Music from Joni Mitchell, Randy Newman, Rodney Crowell and Teenage Fanclub. BBC Radio Scotland 8 – 9 a.m.
Cash
by ricky on Feb.24, 2010, under general musings
My little boy came into the room while I was writing this. Is that Johnny Cash dad? I asked him what he knew and he told me that a friend in his class and he had been discussing music they loved. They both loved \’Ain\’t No Grave.\’ Believe me when I tell you that this has nothing to do with me and everything to do with the man we are about to salute.
It seems that we’re finally getting round to something that’s been looming for a long while. On Friday we are going to spend the two hours that Radio Scotland has given us on Johnny Cash. I naively wondered what we’d do with the time a while back there. Then my producer, Richard asked me for a list of favourite JC tracks and I realised if we were both going to be happy we’d need to take over the airwaves for the whole evening…there’s a thought!
So for good or bad we have two hours in and around the music of Johnny Cash with tributes from friends of the programme as well as an exclusive long chat with Johnny’s only son, John Carter. The excuse (as if we needed one) is the release of American VI – Aint No Grave for which John Carter has acted as associate producer, but the reason is more fundamental. Johnny Cash was part of a huge dynasty of music which goes back to the very first recordings of what we now call country. That music was gospel and rythm and folk and blues and eventually rock ‘n’ roll. Johnny himself was one quarter of the most potent rock ‘n’ roll roster of all time and even now there will be arguments about which one of the Presley, Perkins, Lewis, Cash quartet was the greatest. I wouldn’t begin to try. Competition has no place in the arts for me. Let’s just be glad we have the recordings. And if you’re still not sure….try this
What is particular interesting in the case of Johnny is the fact that his career re ignited in the last years of his life. This wasn’t because he was suddenly on a cool label with a cool producer. It was because that producer decided to do what great producers do; allow the artist to shine through on his own merits. This might explain further.

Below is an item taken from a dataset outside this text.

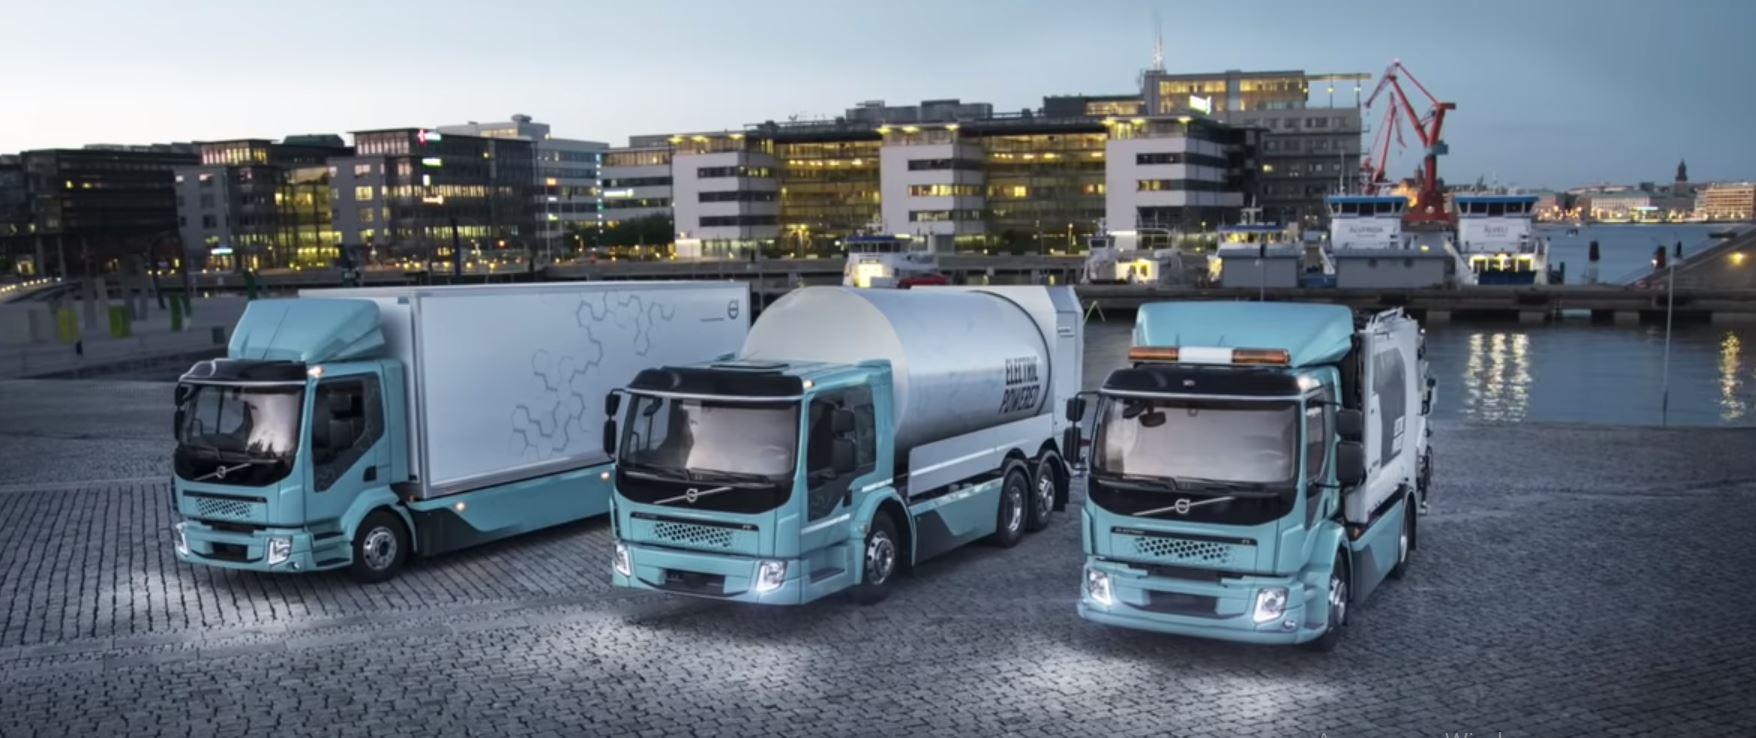 Создание гибридных грузовиков способных работать как на чистом топливе так и на электрической энергии сможет снизить выбросы в атмосферу
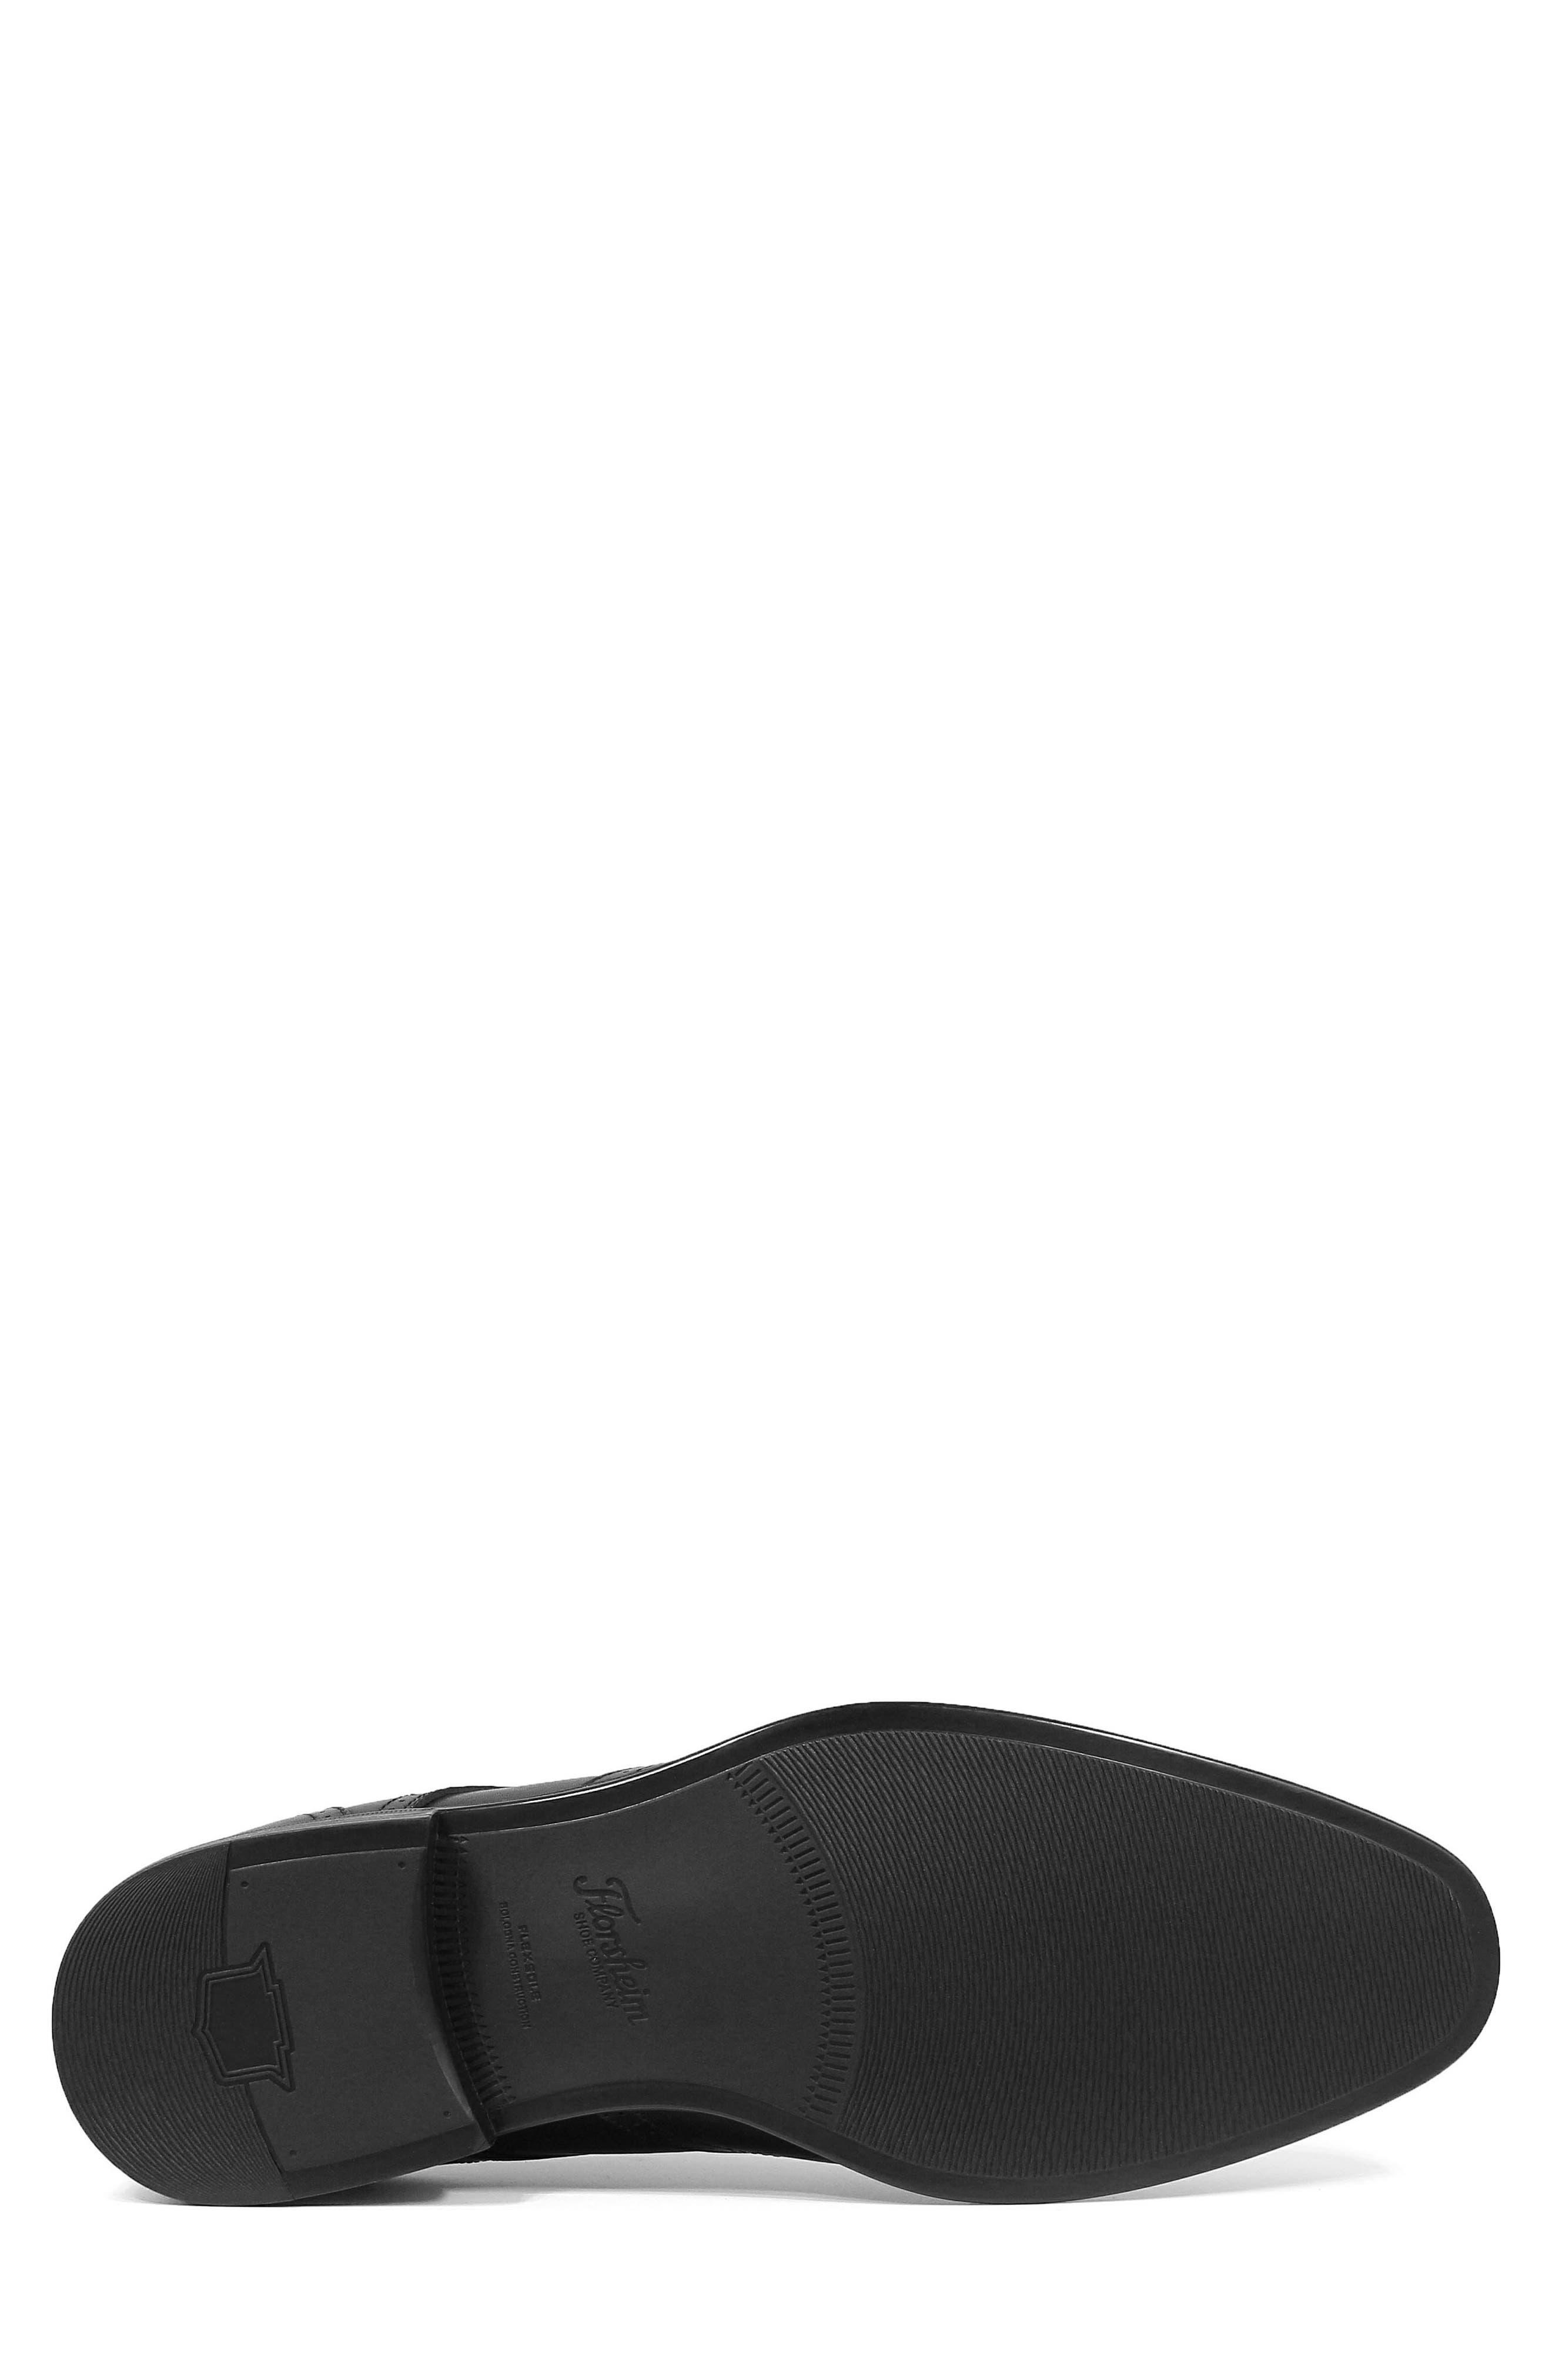 FLORSHEIM, Cardineli Cap Toe Derby, Alternate thumbnail 6, color, BLACK LEATHER

The singer became the star and anything that got in the way of that voice and the story of these songs was quietly rubbed out. Johnn Cash himself had the idea of singing these songs in that stripped down fashion long before he’d ever met Rick Rubin.
Unfortunately he was then on a record label who’d long forgotten about why they’d signed him in the first place.
On Friday we will play music written and performed by Johnny Cash, music that inspired and influenced Johnny Cash and hear the voices of artists who continue to be influenced by the Man In Black. In my opinion that two hours is going to be worth our license fee alone.
Lest we forget too, Johnny’s life was never straight forward….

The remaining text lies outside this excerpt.